We sailed into the sunset. I took the night watch as usual. The wind increased a bit at night to 12 knots. I left up the code D and checked every half hour. Vite & Rêves maintained 6 to 7 knots throughout. Heavenly sailing under a sky full of stars.
In the morning the wind was coming almost from behind us. We switched the code D for the spinnaker and took down the mainsail. We encountered a few big ships on the Spain-Senegal route. We also saw an American military ship doing air exercises in the distance. They asked everybody to give them some space because they couldn’t manoeuvre well while the helicopter was trying to land.
But other than that, nothing much happened. The wind shifted to southeast, so we gibed the spi to the other side. That was the sailing action of the day. Vite & Rêves continued happily.
On the third day around 10:00 we saw the Canary Islands in the distance. A small pod of dolphins briefly came to say hello.
We took down the spinnaker as the wind turned more to the south. A good call, because the wind also increased, as expected, in the funnel between Lanzarote and La Graciosa.

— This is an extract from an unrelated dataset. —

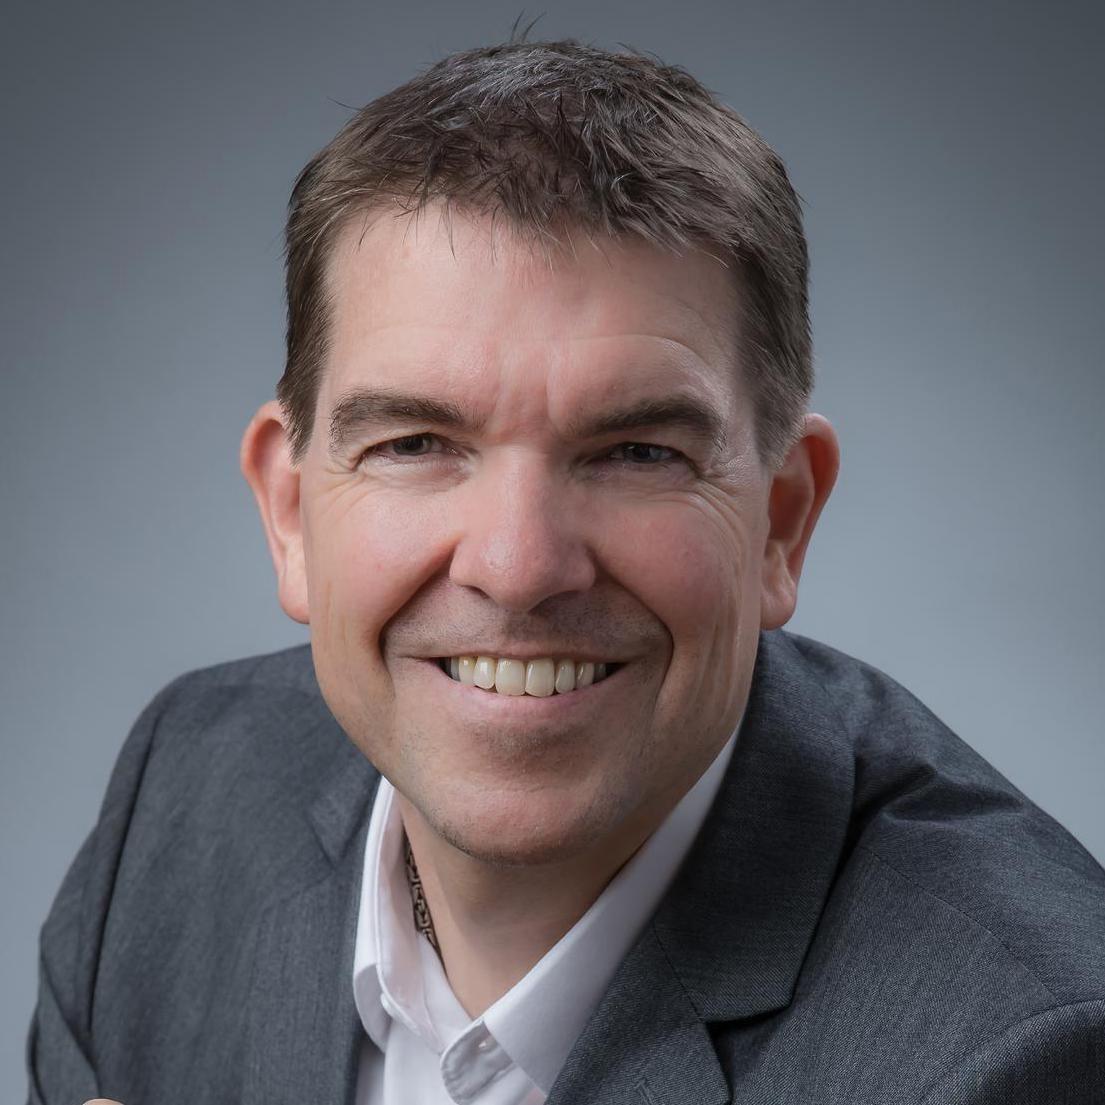 Maarten Van Den Bos

We arrived safely in Caleta del Sebo on La Graciosa.
La Graciosa is said to have been the inspiration for the novel “Treasure Island”. In the 18th century, a British galleon, laden with spoils from a recent battle at sea, passed through the strait between Lanzarote and La Graciosa. Realizing that they were being tailed by pirates, the captain decided to drop anchor and hide their gold on the island before the buccaneers could catch up with them.
The pirates soon reached them, captured the British sailors and tried to force them to reveal where they had buried the treasure. The sailors bravely refused, and the secret of the hidden gold followed them to their graves.
We took a walk around town, looked for treasure or an open restaurant, but no luck. Only one restaurant was open and it only served € 60, 7 courses New Year’s Eve menus. As we hadn’t found the treasure either, we went back to the boat and feasted on olives, potato chips, anchovies, sausage and instant chicken soup. And a lot of cava.
At midnight somebody lighted a truck full of fireworks at the end of the pier, about 20 meters from Vite & Rêves. We enjoyed the first row seats. The kids slept through it all.